The Error I get: Compilation error: cannot convert 'String' to 'unsigned char' in initialization

The requirement is the String to be String and not anything else like char buf[] etc.....
Thank you.

You can try to use

unsigned int base64_length = encode_base64(Test.c_str, strlen(Test.c_str), base64);

See .c_str()

void setup() {

  String Test = "Test";

  // unsigned char string[] = "String example";
  unsigned char string1[] = {'T','e','s','t', '\0'};
  unsigned char string2[] = {"Test"};
  unsigned char string3[] = "Test";
  const unsigned char* string4 = (const unsigned char*) Test.c_str();
}


Thanks for the reply, unfortunately this did not work, here is the error:

Compilation error: invalid use of non-static member function 'const char* String::c_str() const'

Should have been?

unsigned int base64_length = encode_base64(Test.c_str(), strlen(Test.c_str()), base64);

or maybe

unsigned int base64_length = encode_base64(Test.c_str(), Test.length(), base64);

Thank you everyone for helping and I got it working with:

unsigned char* string4 = (unsigned char*) Test.c_str();

I did in my endeavours try (unsigned char*) but all that what missing off that effort was the star in unsigned char* string4.

Thanks once again, great forum!!

This occurs when you are calling c_str on the class rather than on an instance. Not sure what is going on. At a guess, you are posting fragments here on the site that don’t match your actual sketch.

Here is a complete sketch that compiles on my machine.

void setup() {

  String Test = "Test";

  // unsigned char string[] = "String example";
  const unsigned char *string = (const unsigned char *) Test.c_str();

  unsigned char base64[21]; // 20 bytes for output + 1 for null terminator

  // encode_base64() places a null terminator automatically, because the output is a string
  // I don't have the library installed, so I will just comment out this bit
  //unsigned int base64_length = encode_base64(string, strlen((char *) string), base64);
  //
  // printf("%d\n", base64_length); 
  // printf((char *) base64); 

}

void loop() {
  // put your main code here, to run repeatedly:

}


Ok, but out of curiosity, I still don't understand a couple of things.
Why are you always using "unsigned char" (equivalent to "byte") for strings, instead of just "char" (used for ASCII characters), and why do you need to cast "Test.c_str()" to "(const unsigned char *)", while it already returns a "(const char *)"?
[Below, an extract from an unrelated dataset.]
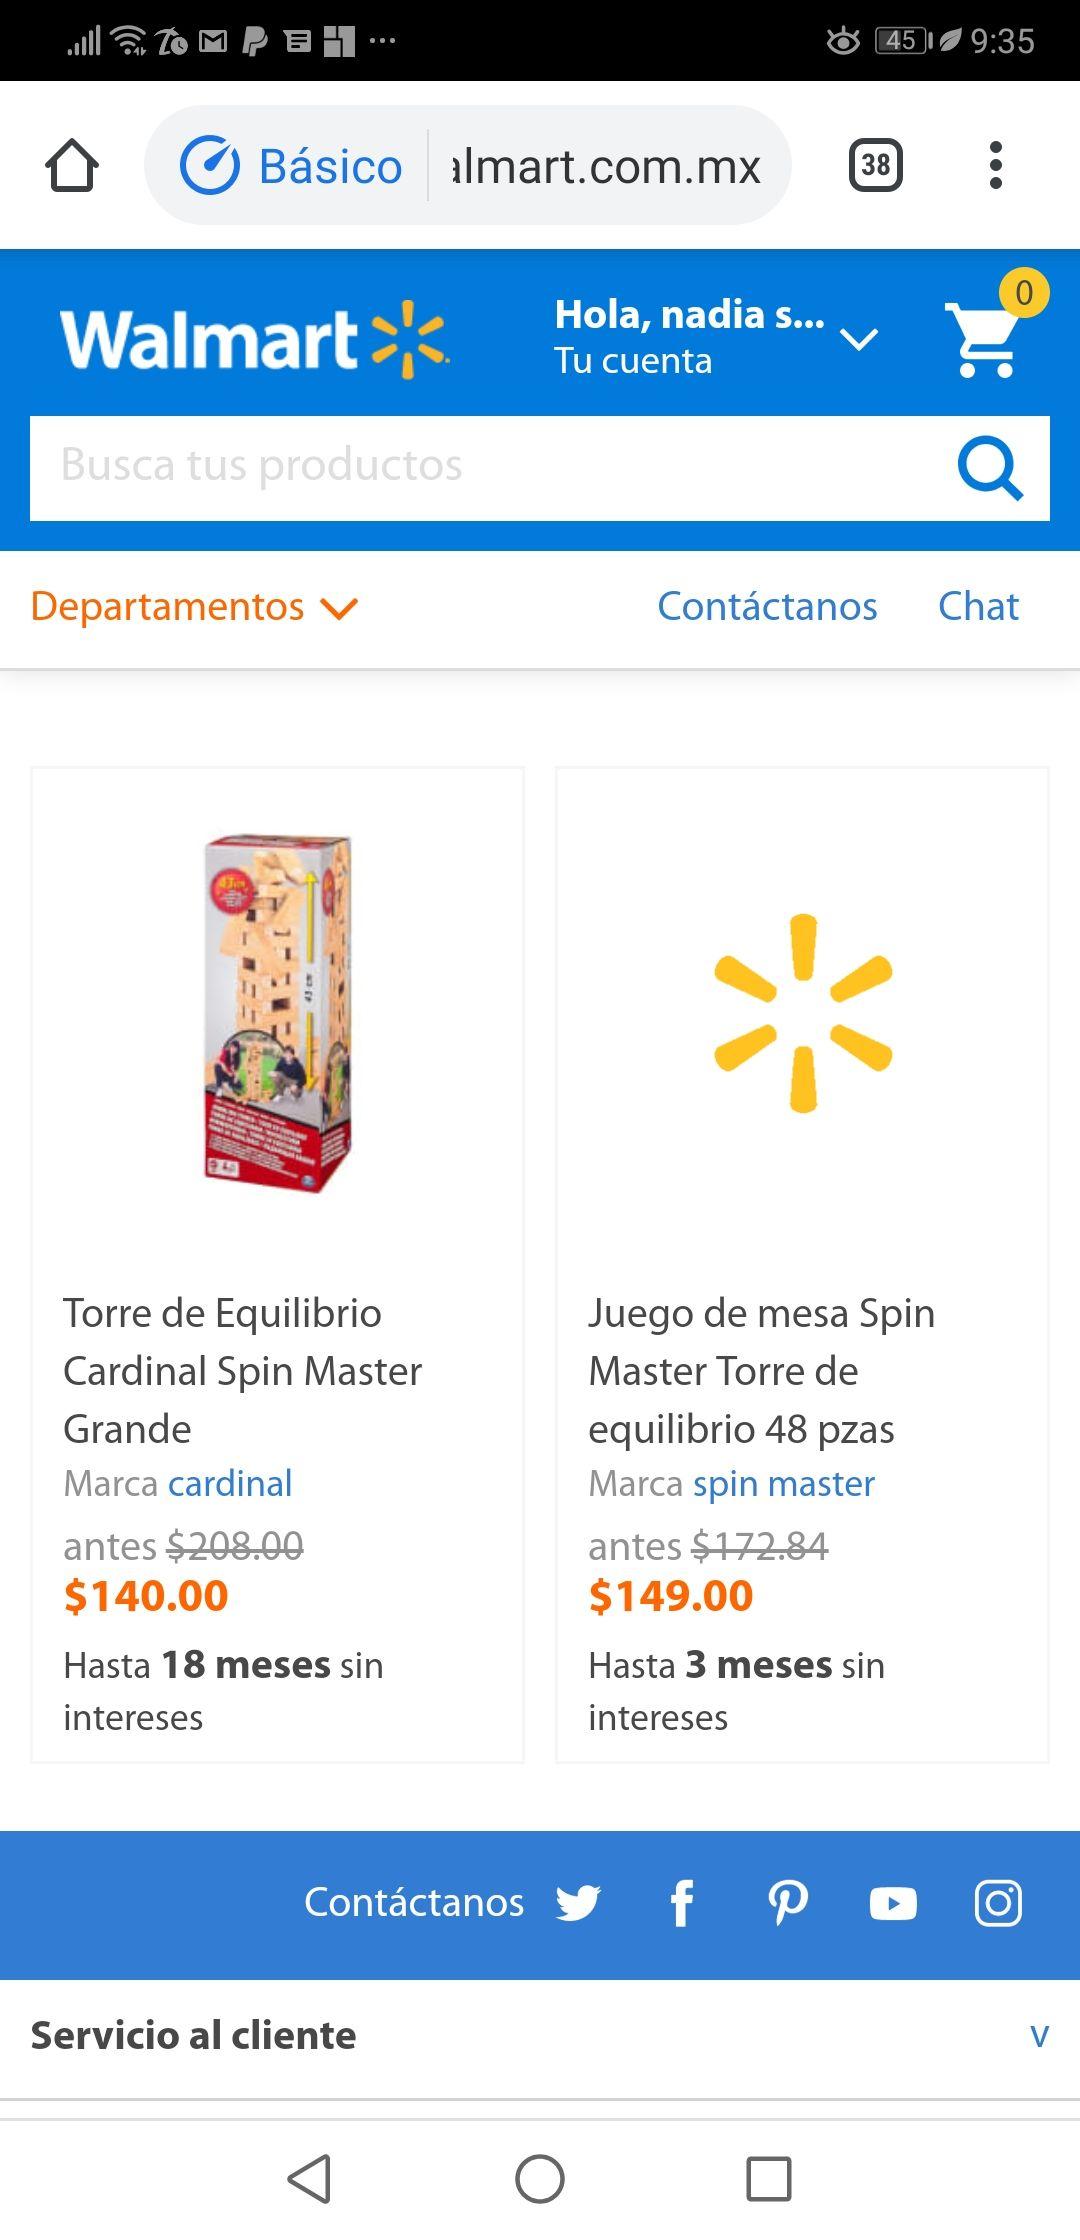 Walmart en linea: Torre de equilibrio grande, al precio q estuvo en amazon
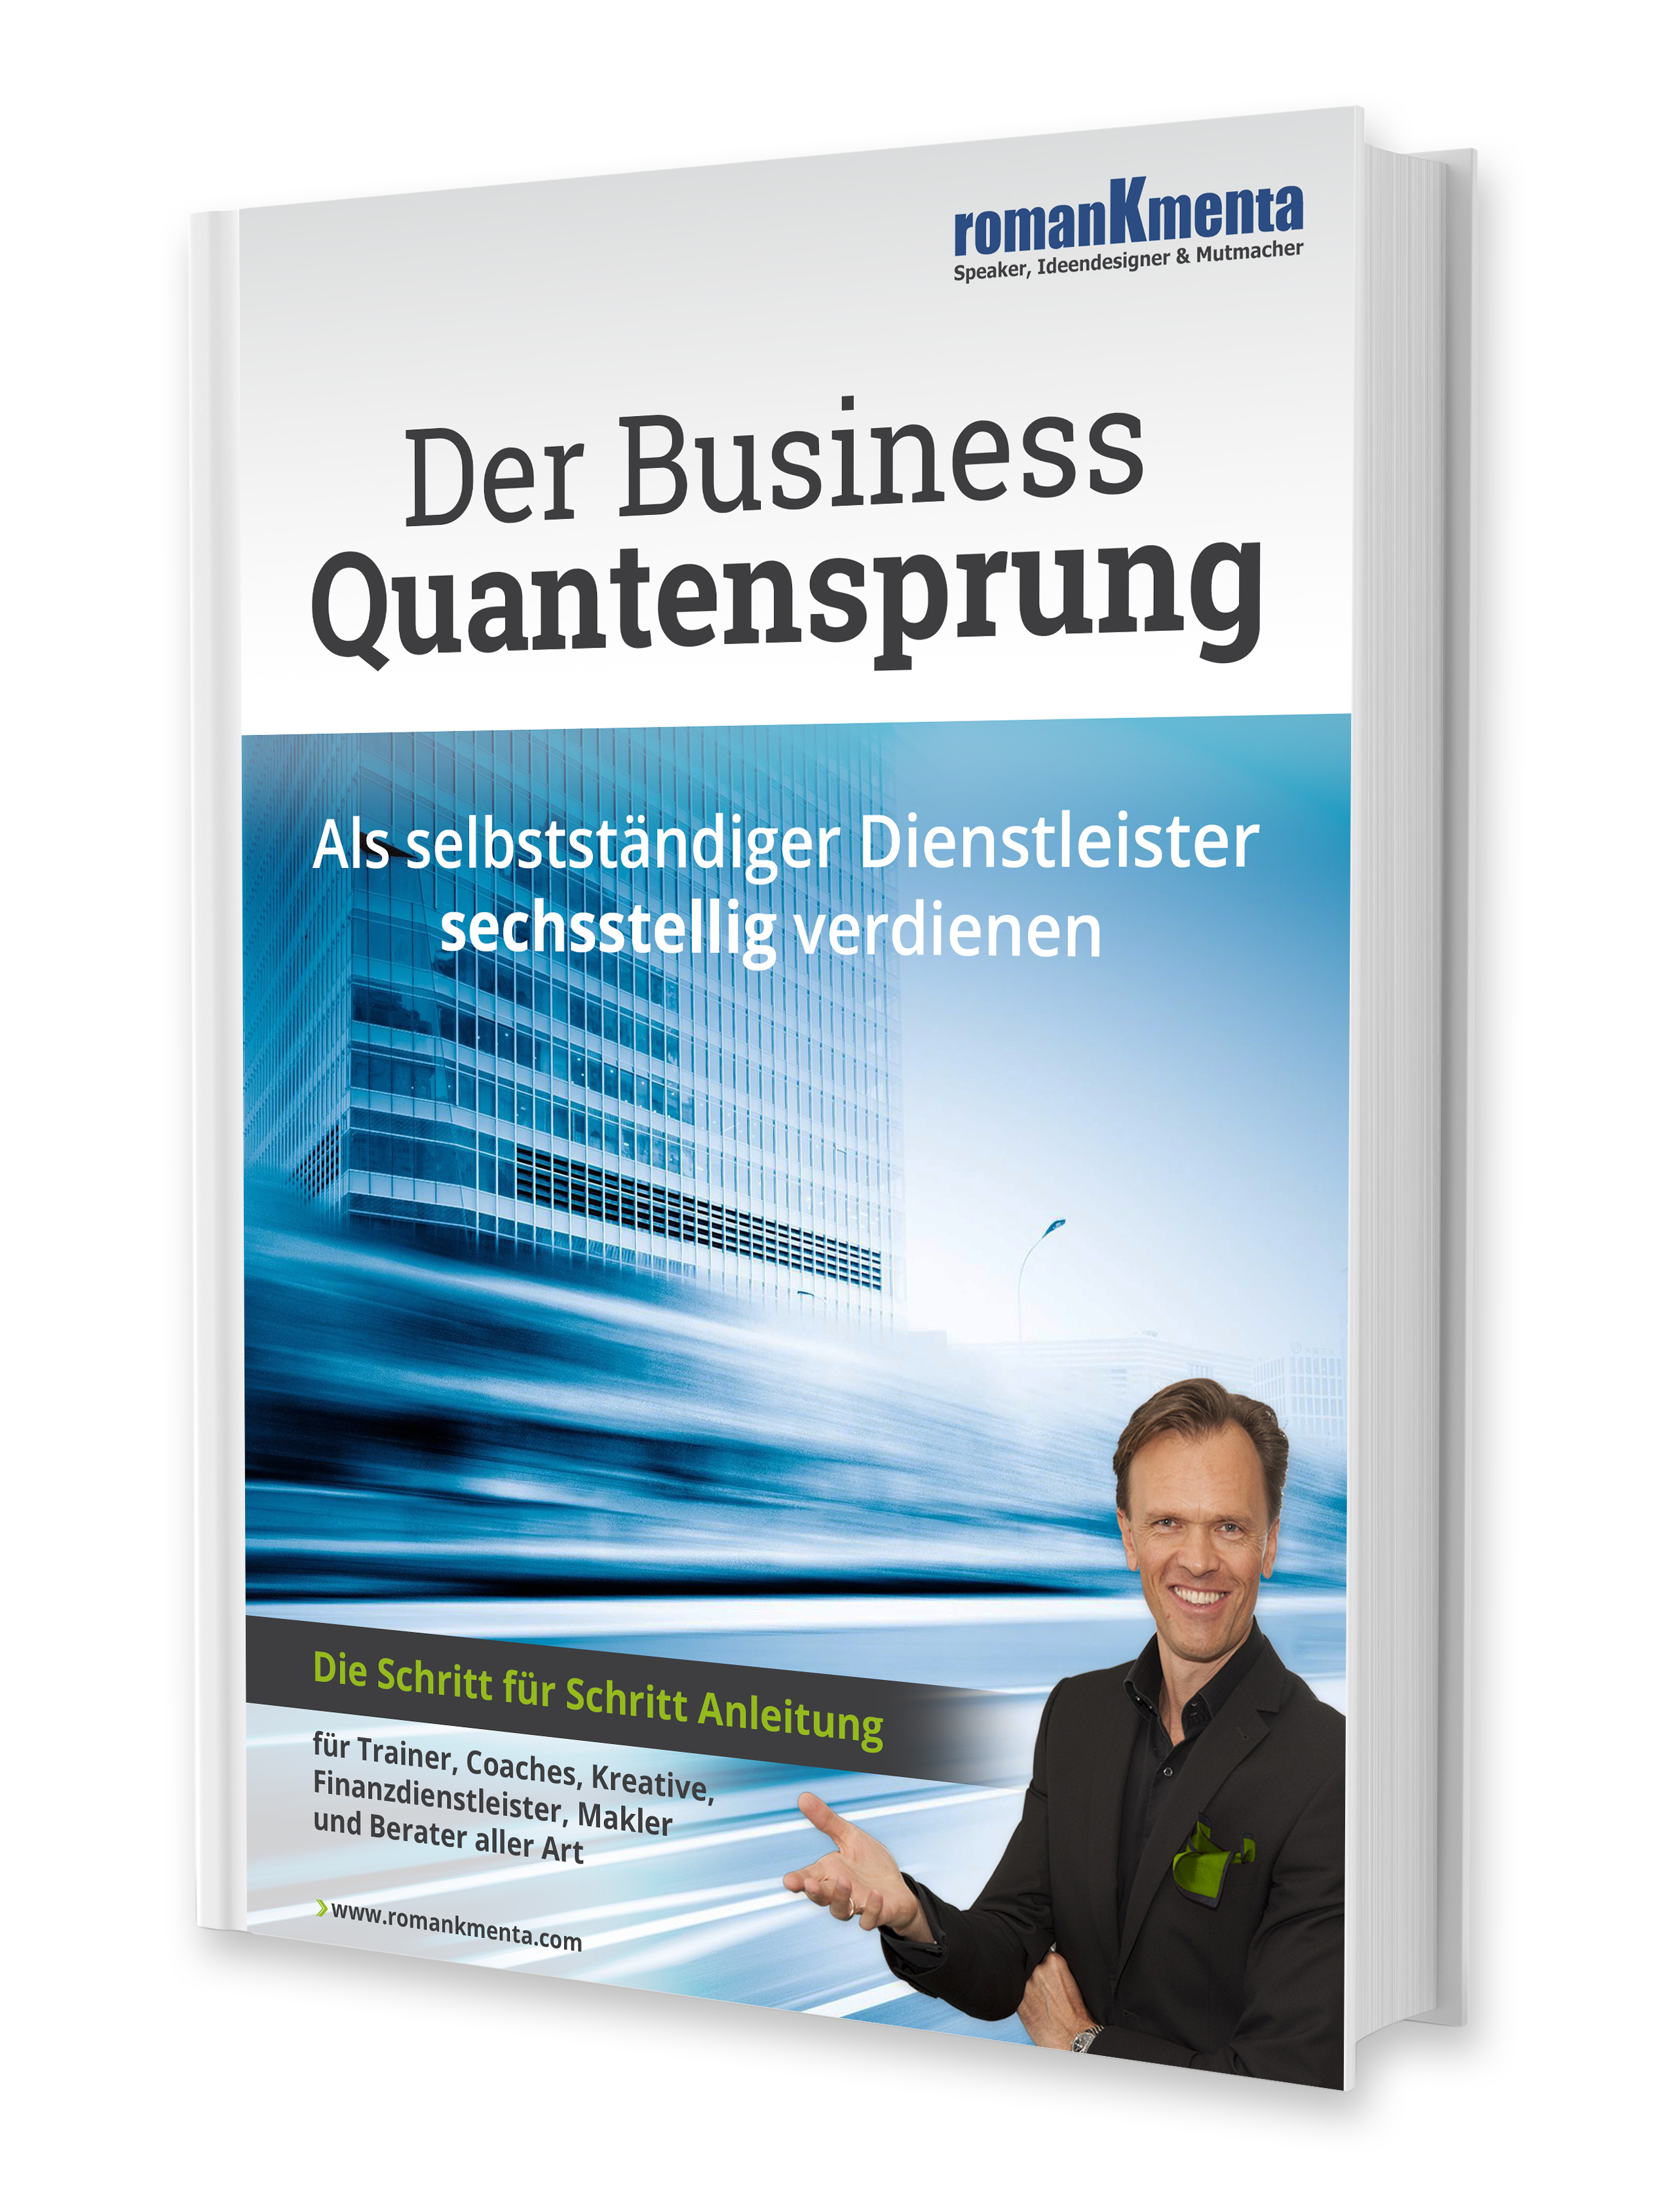 Der Bauplan für Existenzgründung - E-Book Business Quantensprung - Roman Kmenta - Keynote Speaker

This is obviously not a bug, as it's a legitimate cast, but what I mean is the code you see below works the same way as yours, but is simpler and more straightforward:

  String Test = "Test";
  const char *strTest = Test.c_str();

I am just curious -- why the following print() functions do not show the same output when the operands are same?

void setup() 
{
  Serial.begin(9600);
  char ch1 = 65;
  byte ch2 = 65;
  Serial.println(ch1); //shows: A
  Serial.println(ch2);  //shows: 65
}

void loop() {}

I was wondering the same thing.

  String Test = "Test";
  auto strTest = Test.c_str();

Two different overloads of the Println() function in the Print class.

Because "byte" is a numeric value, and "char" is a character. Even if both are set with the same numeric value, the latter is automatically recognized by "println()" as an ASCII character (65 is the ASCII code for the letter 'A').
These are some of the basics of the C programming language.

The C++ language as it's implemented by function overloading which isn't available in C.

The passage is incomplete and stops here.